→ Your task
Leave out the pictures and repeat the data exactly.

[[ Collected data, beginning ]]

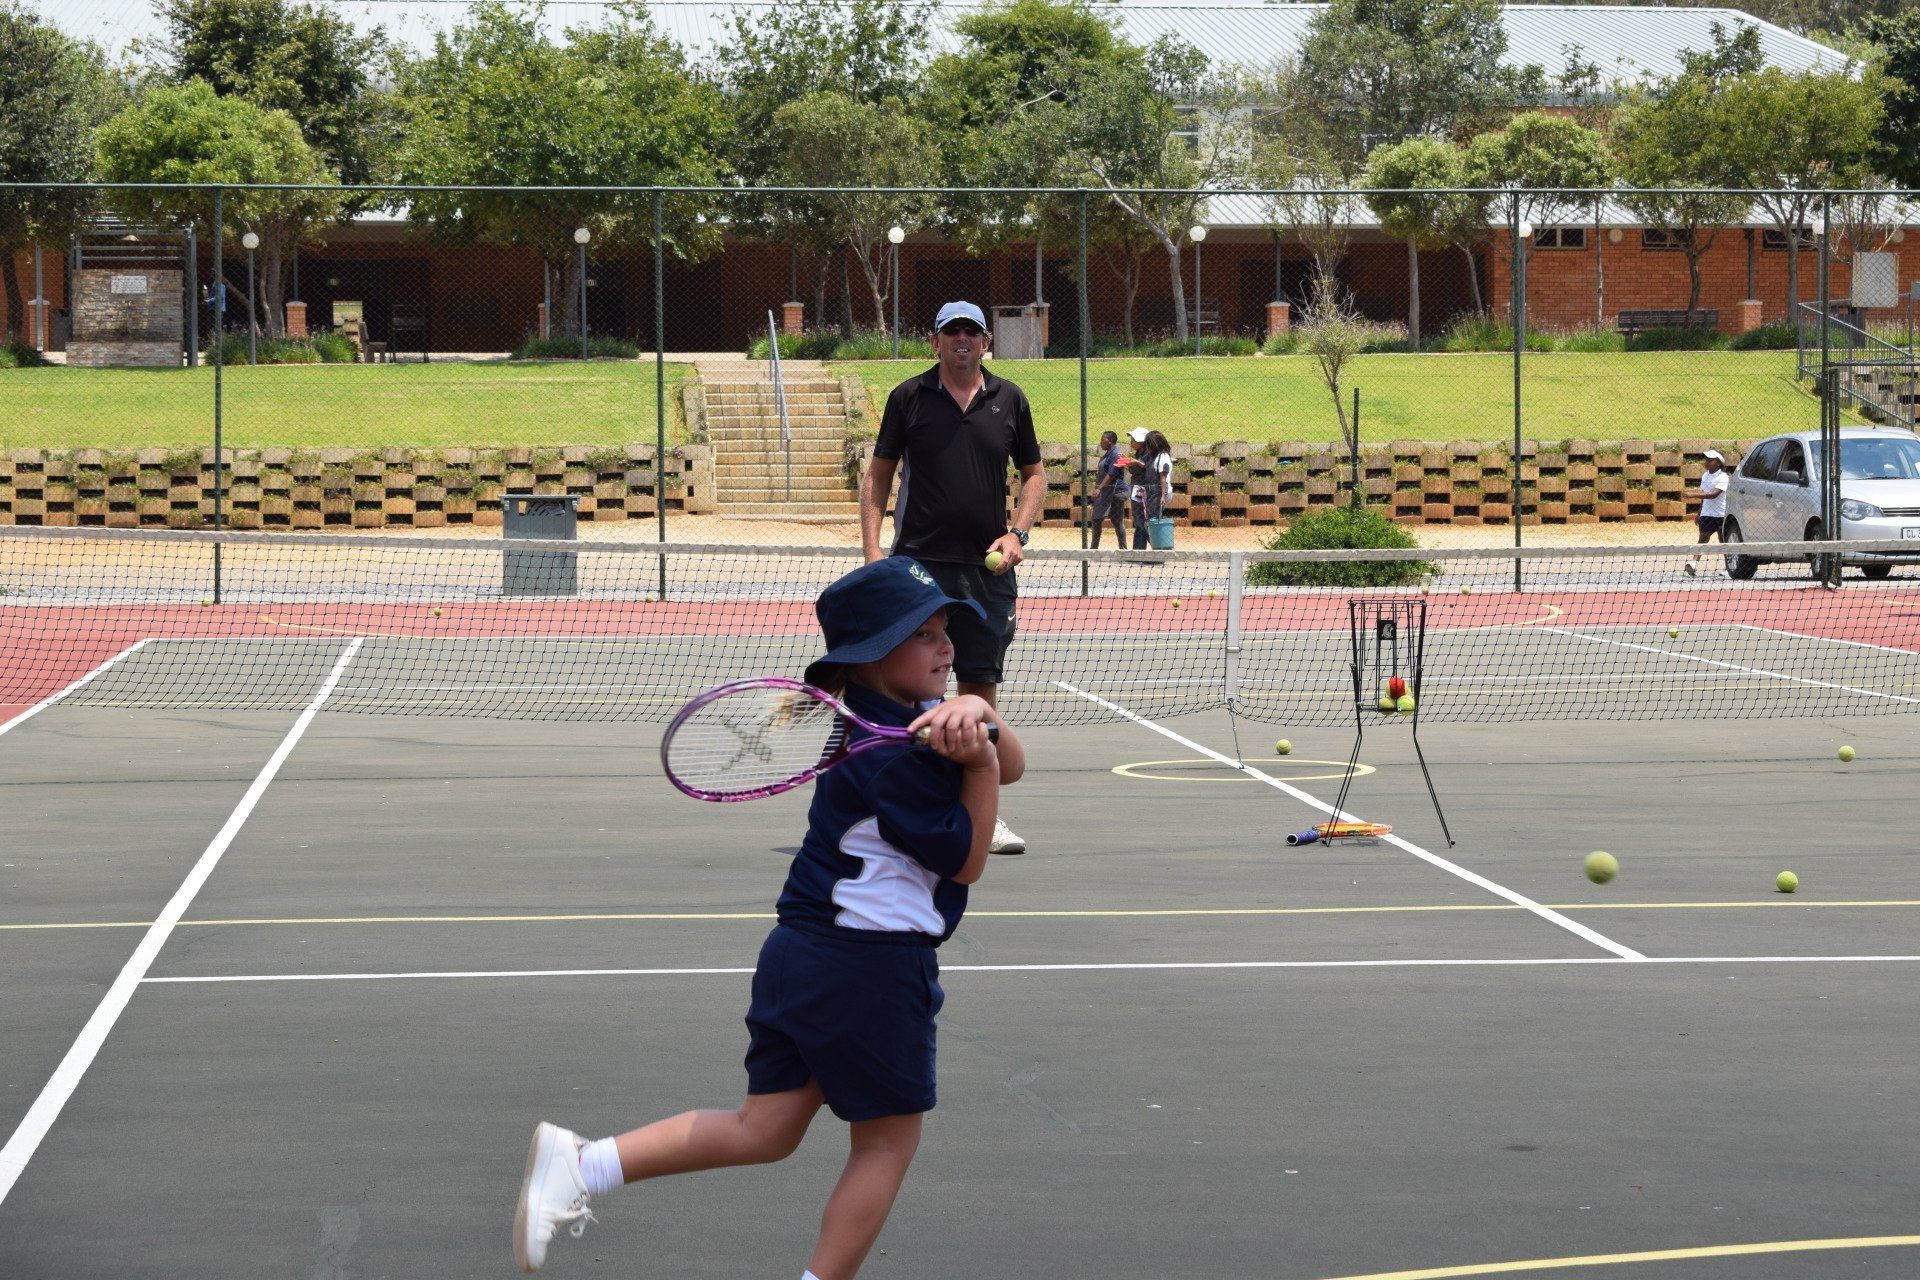 a young girl is swinging a tennis racket on a tennis court
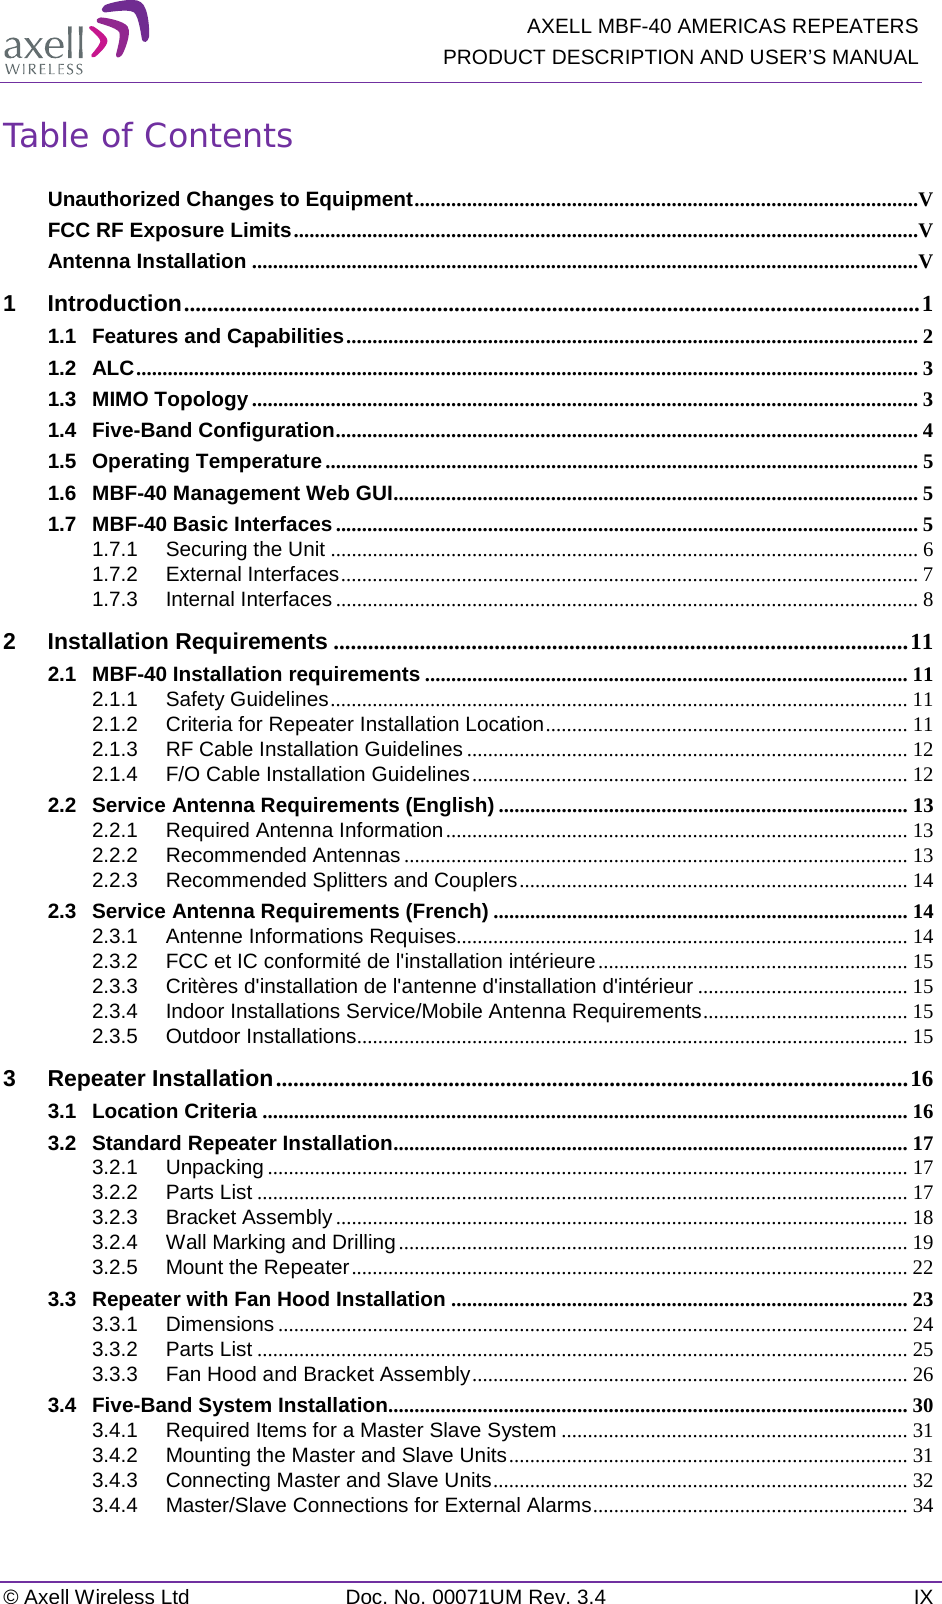  AXELL MBF-40 AMERICAS REPEATERS PRODUCT DESCRIPTION AND USER’S MANUAL © Axell Wireless Ltd Doc. No. 00071UM Rev. 3.4 IX Table of Contents Unauthorized Changes to Equipment ................................................................................................V FCC RF Exposure Limits .......................................................................................................................V Antenna Installation ...............................................................................................................................V 1 Introduction ................................................................................................................................ 1 1.1 Features and Capabilities ............................................................................................................. 2 1.2 ALC ..................................................................................................................................................... 3 1.3 MIMO Topology ............................................................................................................................... 3 1.4 Five-Band Configuration ............................................................................................................... 4 1.5 Operating Temperature ................................................................................................................. 5 1.6 MBF-40 Management Web GUI .................................................................................................... 5 1.7 MBF-40 Basic Interfaces ............................................................................................................... 5 1.7.1 Securing the Unit ................................................................................................................ 6 1.7.2 External Interfaces .............................................................................................................. 7 1.7.3 Internal Interfaces ............................................................................................................... 8 2 Installation Requirements .................................................................................................... 11 2.1 MBF-40 Installation requirements ............................................................................................ 11 2.1.1 Safety Guidelines .............................................................................................................. 11 2.1.2 Criteria for Repeater Installation Location ..................................................................... 11 2.1.3 RF Cable Installation Guidelines .................................................................................... 12 2.1.4 F/O Cable Installation Guidelines ................................................................................... 12 2.2 Service Antenna Requirements (English) .............................................................................. 13 2.2.1 Required Antenna Information ........................................................................................ 13 2.2.2 Recommended Antennas ................................................................................................ 13 2.2.3 Recommended Splitters and Couplers .......................................................................... 14 2.3 Service Antenna Requirements (French) ............................................................................... 14 2.3.1 Antenne Informations Requises...................................................................................... 14 2.3.2 FCC et IC conformité de l&apos;installation intérieure ........................................................... 15 2.3.3 Critères d&apos;installation de l&apos;antenne d&apos;installation d&apos;intérieur ........................................ 15 2.3.4 Indoor Installations Service/Mobile Antenna Requirements ....................................... 15 2.3.5 Outdoor Installations......................................................................................................... 15 3 Repeater Installation .............................................................................................................. 16 3.1 Location Criteria ........................................................................................................................... 16 3.2 Standard Repeater Installation .................................................................................................. 17 3.2.1 Unpacking .......................................................................................................................... 17 3.2.2 Parts List ............................................................................................................................ 17 3.2.3 Bracket Assembly ............................................................................................................. 18 3.2.4 Wall Marking and Drilling ................................................................................................. 19 3.2.5 Mount the Repeater .......................................................................................................... 22 3.3 Repeater with Fan Hood Installation ....................................................................................... 23 3.3.1 Dimensions ........................................................................................................................ 24 3.3.2 Parts List ............................................................................................................................ 25 3.3.3 Fan Hood and Bracket Assembly ................................................................................... 26 3.4 Five-Band System Installation................................................................................................... 30 3.4.1 Required Items for a Master Slave System .................................................................. 31 3.4.2 Mounting the Master and Slave Units ............................................................................ 31 3.4.3 Connecting Master and Slave Units ............................................................................... 32 3.4.4 Master/Slave Connections for External Alarms ............................................................ 34 
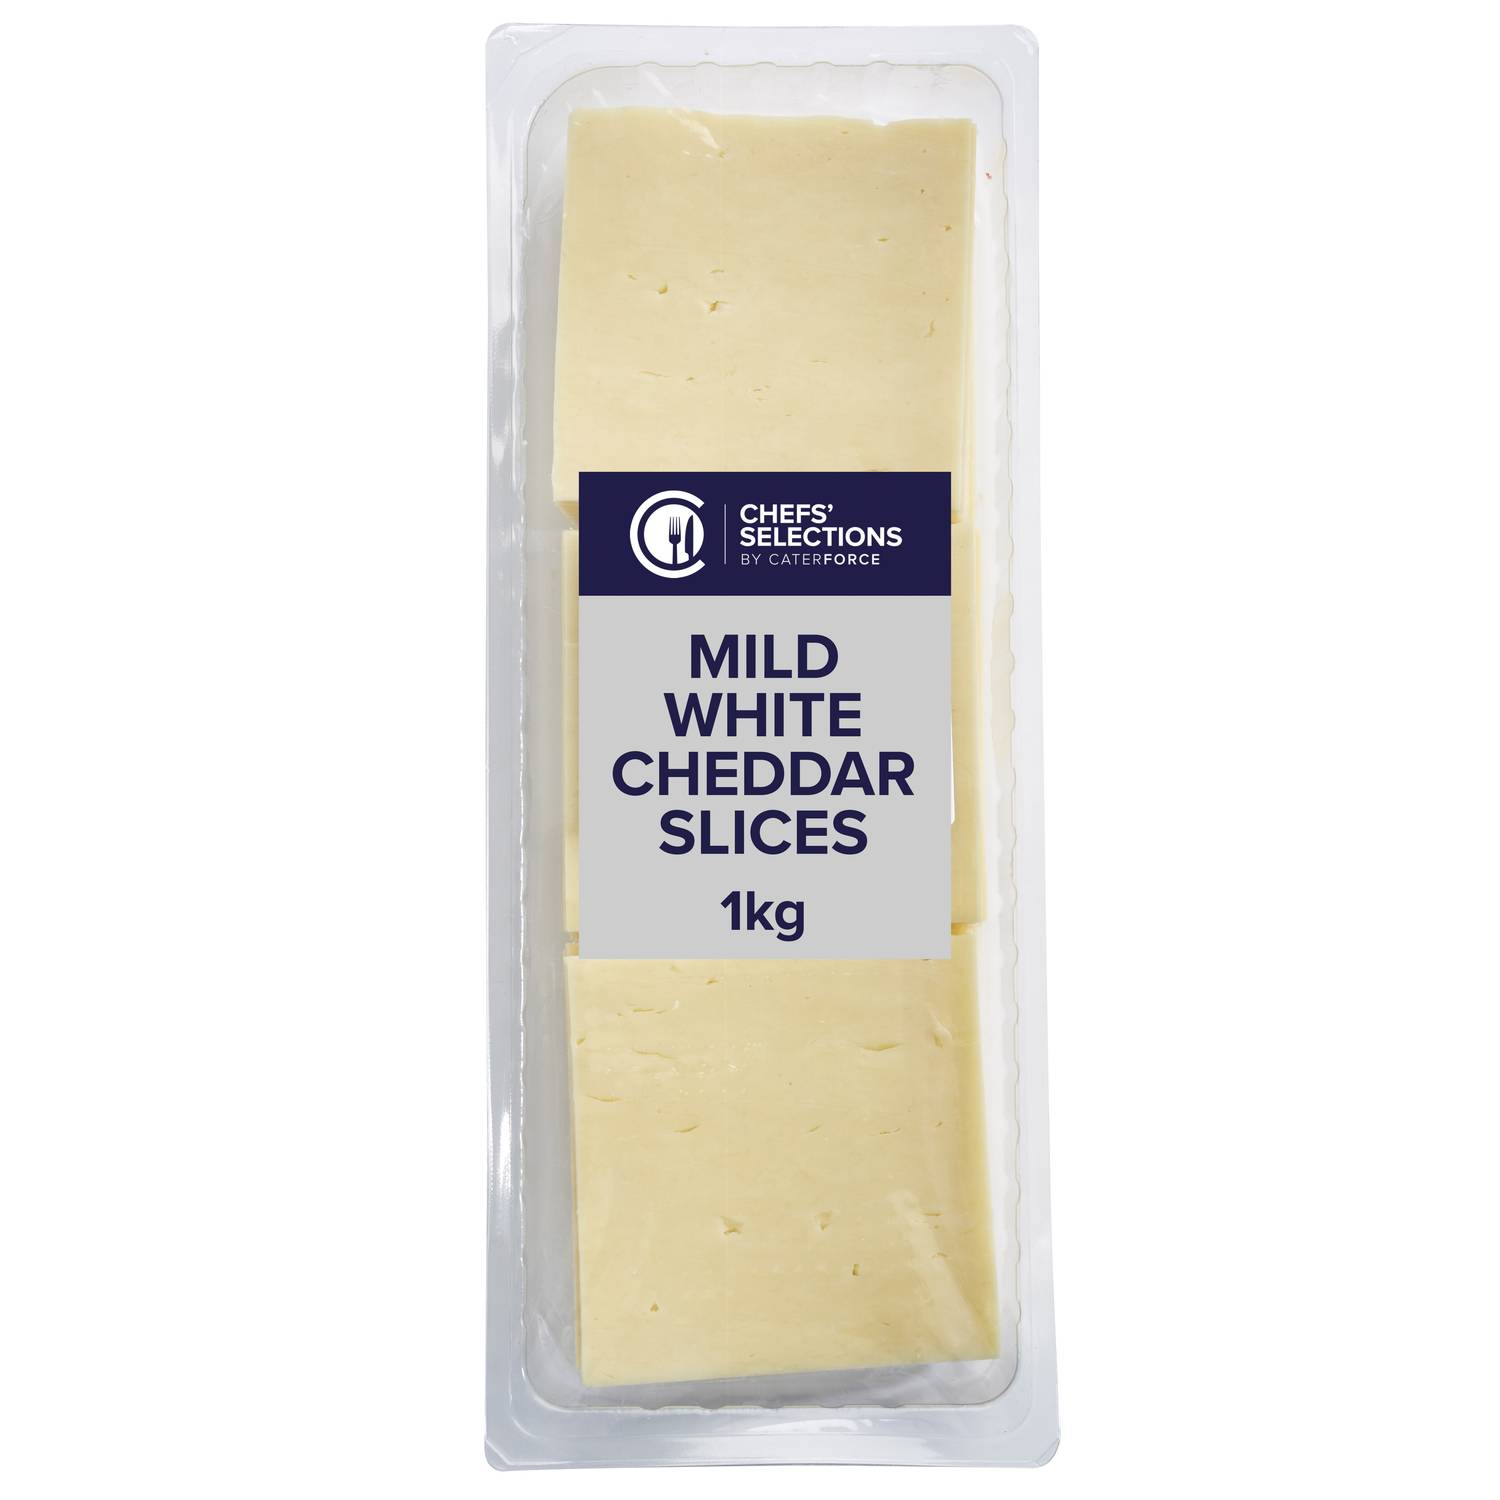 Chefs’ Selections Mild White Cheddar Cheese Slices (6 x 1kg)

[[ Collected data, end ]]

→ Task response
 a young girl is swinging a tennis racket on a tennis court
  AXELL MBF-40 AMERICAS REPEATERS PRODUCT DESCRIPTION AND USER’S MANUAL © Axell Wireless Ltd Doc. No. 00071UM Rev. 3.4 IX Table of Contents Unauthorized Changes to Equipment ................................................................................................V FCC RF Exposure Limits .......................................................................................................................V Antenna Installation ...............................................................................................................................V 1 Introduction ................................................................................................................................ 1 1.1 Features and Capabilities ............................................................................................................. 2 1.2 ALC ..................................................................................................................................................... 3 1.3 MIMO Topology ............................................................................................................................... 3 1.4 Five-Band Configuration ............................................................................................................... 4 1.5 Operating Temperature ................................................................................................................. 5 1.6 MBF-40 Management Web GUI .................................................................................................... 5 1.7 MBF-40 Basic Interfaces ............................................................................................................... 5 1.7.1 Securing the Unit ................................................................................................................ 6 1.7.2 External Interfaces .............................................................................................................. 7 1.7.3 Internal Interfaces ............................................................................................................... 8 2 Installation Requirements .................................................................................................... 11 2.1 MBF-40 Installation requirements ............................................................................................ 11 2.1.1 Safety Guidelines .............................................................................................................. 11 2.1.2 Criteria for Repeater Installation Location ..................................................................... 11 2.1.3 RF Cable Installation Guidelines .................................................................................... 12 2.1.4 F/O Cable Installation Guidelines ................................................................................... 12 2.2 Service Antenna Requirements (English) .............................................................................. 13 2.2.1 Required Antenna Information ........................................................................................ 13 2.2.2 Recommended Antennas ................................................................................................ 13 2.2.3 Recommended Splitters and Couplers .......................................................................... 14 2.3 Service Antenna Requirements (French) ............................................................................... 14 2.3.1 Antenne Informations Requises...................................................................................... 14 2.3.2 FCC et IC conformité de l&apos;installation intérieure ........................................................... 15 2.3.3 Critères d&apos;installation de l&apos;antenne d&apos;installation d&apos;intérieur ........................................ 15 2.3.4 Indoor Installations Service/Mobile Antenna Requirements ....................................... 15 2.3.5 Outdoor Installations......................................................................................................... 15 3 Repeater Installation .............................................................................................................. 16 3.1 Location Criteria ........................................................................................................................... 16 3.2 Standard Repeater Installation .................................................................................................. 17 3.2.1 Unpacking .......................................................................................................................... 17 3.2.2 Parts List ............................................................................................................................ 17 3.2.3 Bracket Assembly ............................................................................................................. 18 3.2.4 Wall Marking and Drilling ................................................................................................. 19 3.2.5 Mount the Repeater .......................................................................................................... 22 3.3 Repeater with Fan Hood Installation ....................................................................................... 23 3.3.1 Dimensions ........................................................................................................................ 24 3.3.2 Parts List ............................................................................................................................ 25 3.3.3 Fan Hood and Bracket Assembly ................................................................................... 26 3.4 Five-Band System Installation................................................................................................... 30 3.4.1 Required Items for a Master Slave System .................................................................. 31 3.4.2 Mounting the Master and Slave Units ............................................................................ 31 3.4.3 Connecting Master and Slave Units ............................................................................... 32 3.4.4 Master/Slave Connections for External Alarms ............................................................ 34 
 Chefs’ Selections Mild White Cheddar Cheese Slices (6 x 1kg)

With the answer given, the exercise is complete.